WORK REQUEST
Apart from the images, repeat the data below exactly as written.
(INFORMATION PROVIDED)
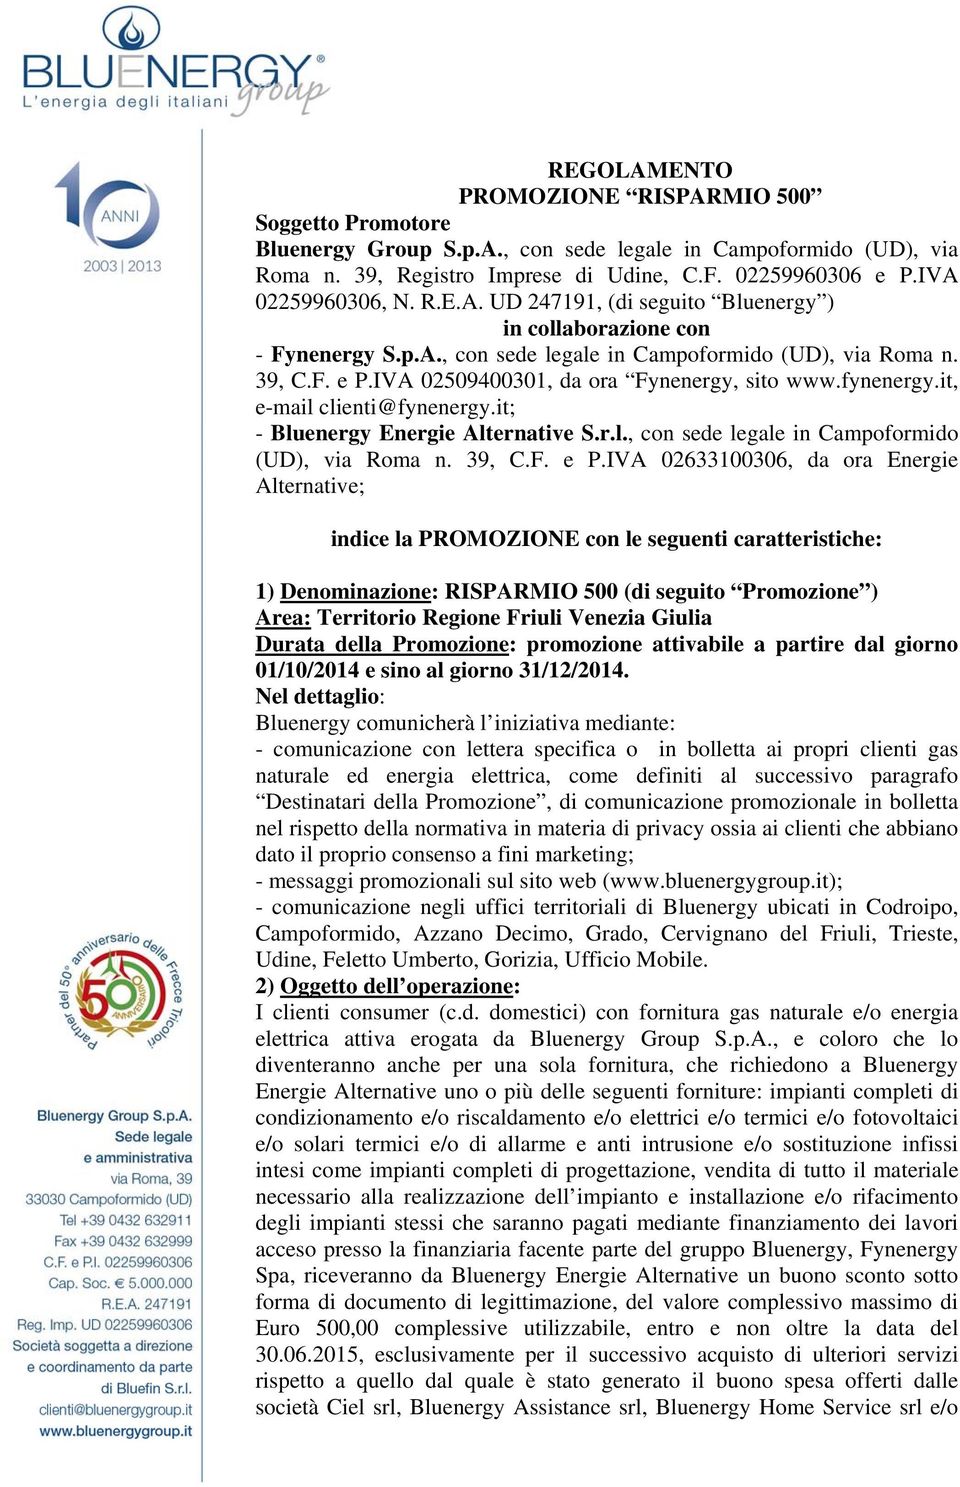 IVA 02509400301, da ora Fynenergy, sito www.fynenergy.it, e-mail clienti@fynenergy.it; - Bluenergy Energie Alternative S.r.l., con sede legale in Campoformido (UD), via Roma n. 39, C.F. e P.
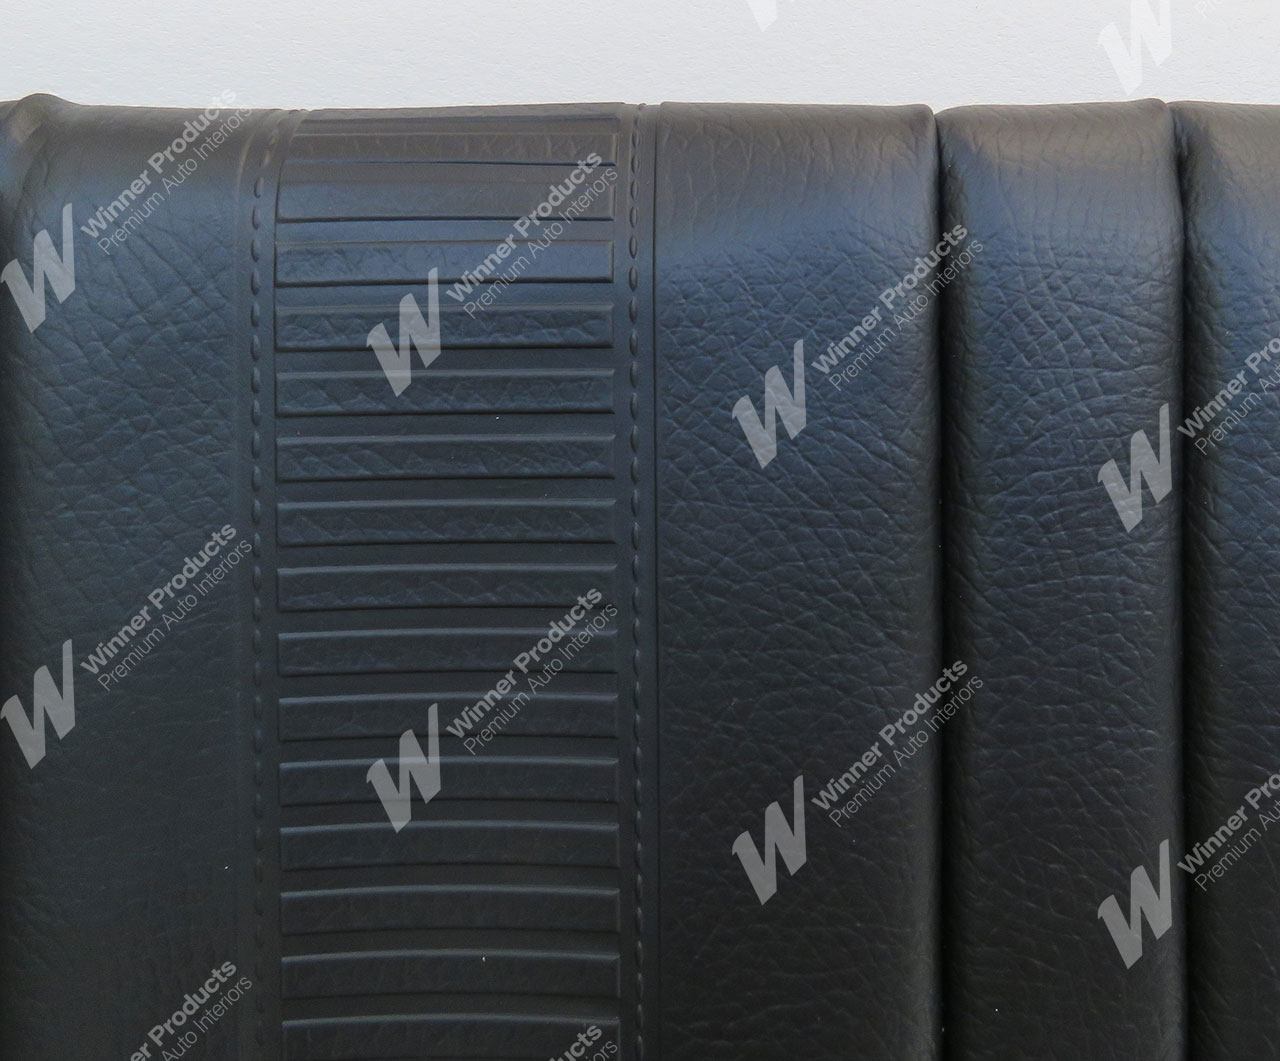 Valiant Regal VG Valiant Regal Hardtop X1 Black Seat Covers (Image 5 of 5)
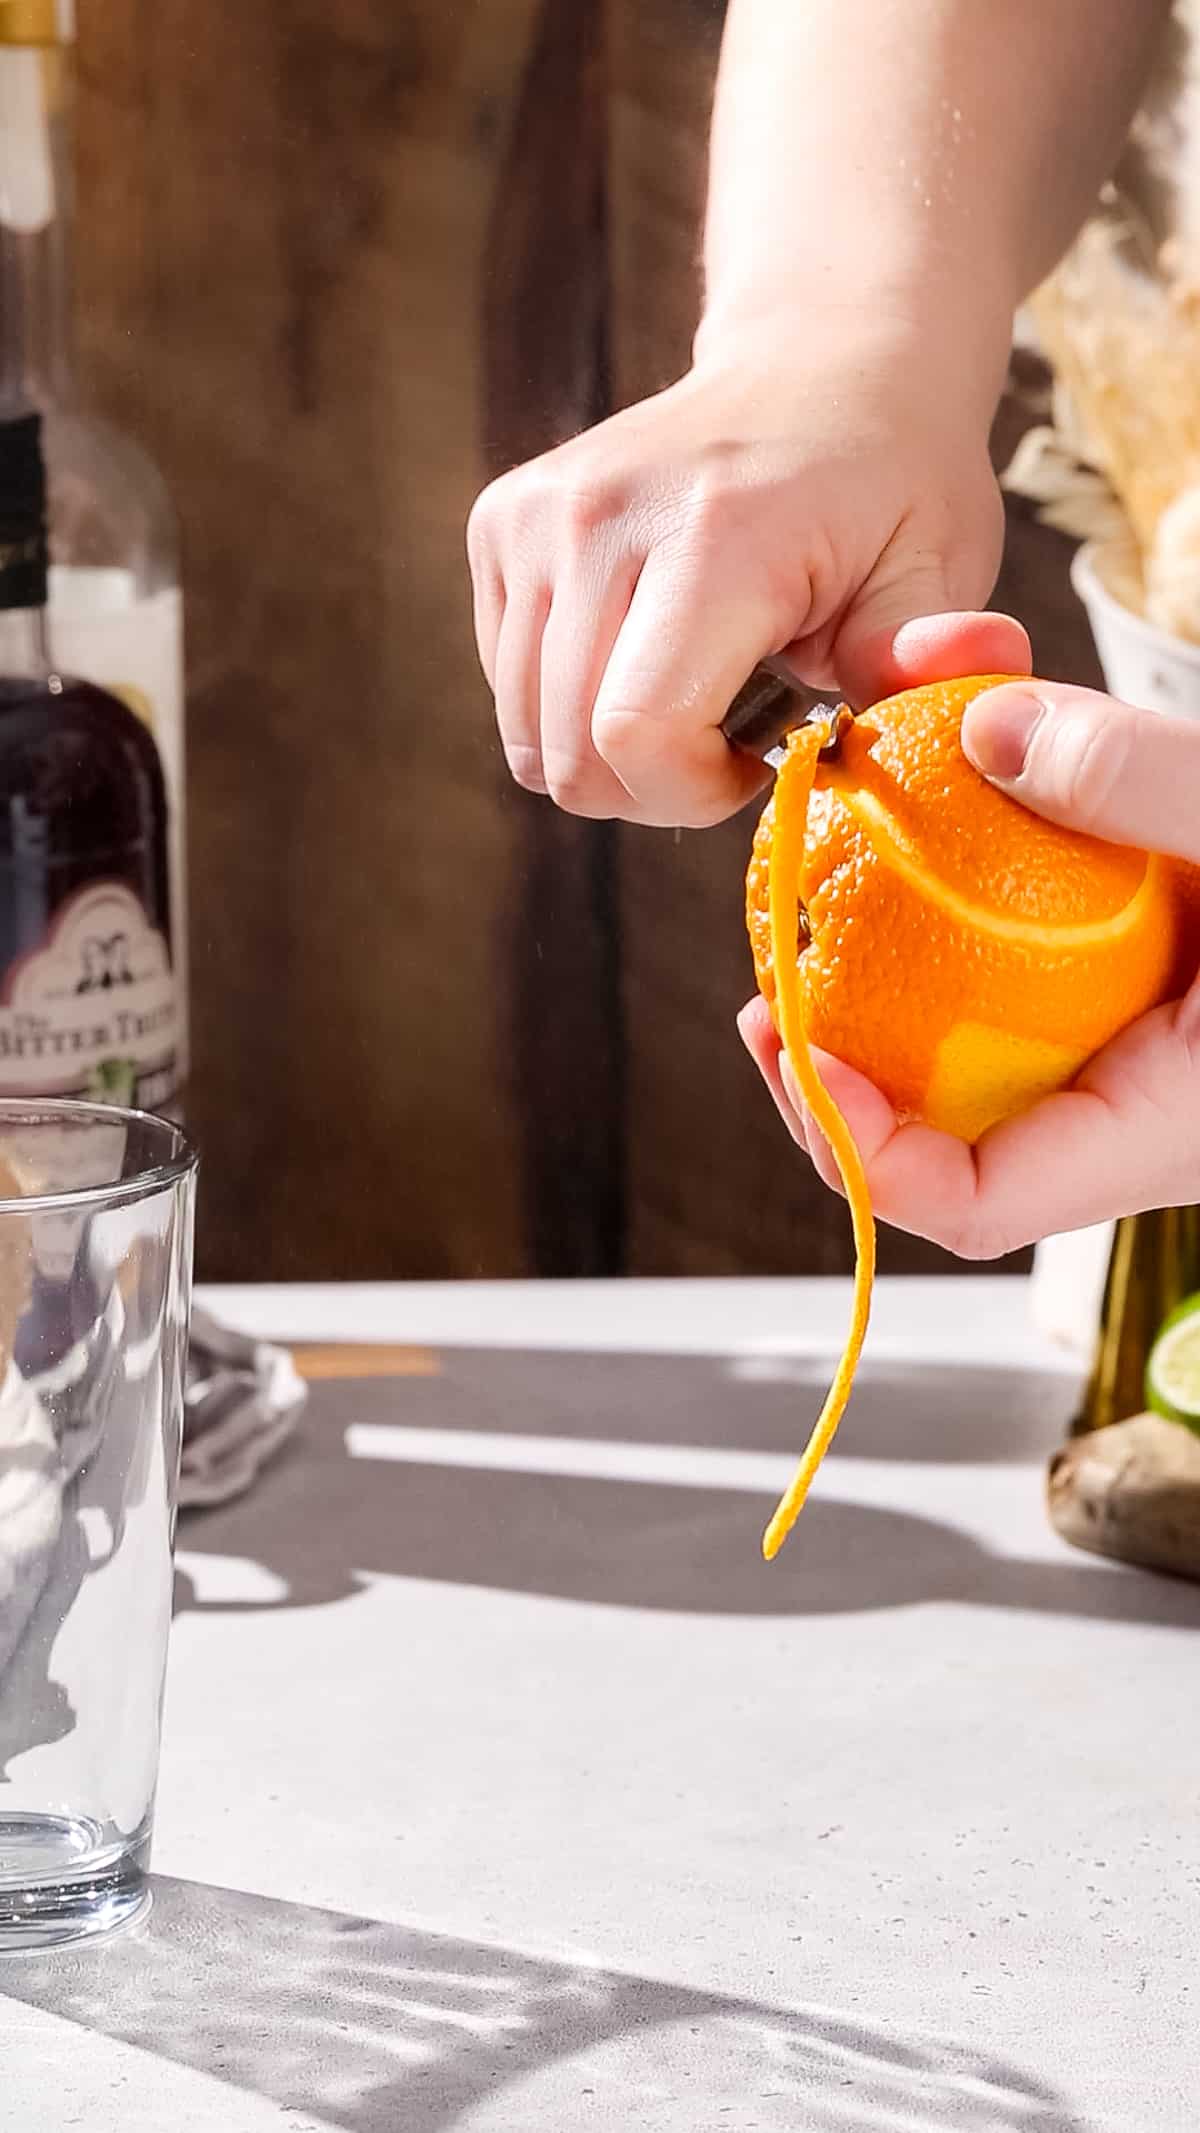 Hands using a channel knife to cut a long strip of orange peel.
(End INFORMATION PROVIDED)
SOLUTION TO THIS PROBLEM
 IVA 02509400301, da ora Fynenergy, sito www.fynenergy.it, e-mail clienti@fynenergy.it; - Bluenergy Energie Alternative S.r.l., con sede legale in Campoformido (UD), via Roma n. 39, C.F. e P.
 Valiant Regal VG Valiant Regal Hardtop X1 Black Seat Covers (Image 5 of 5)
 Hands using a channel knife to cut a long strip of orange peel.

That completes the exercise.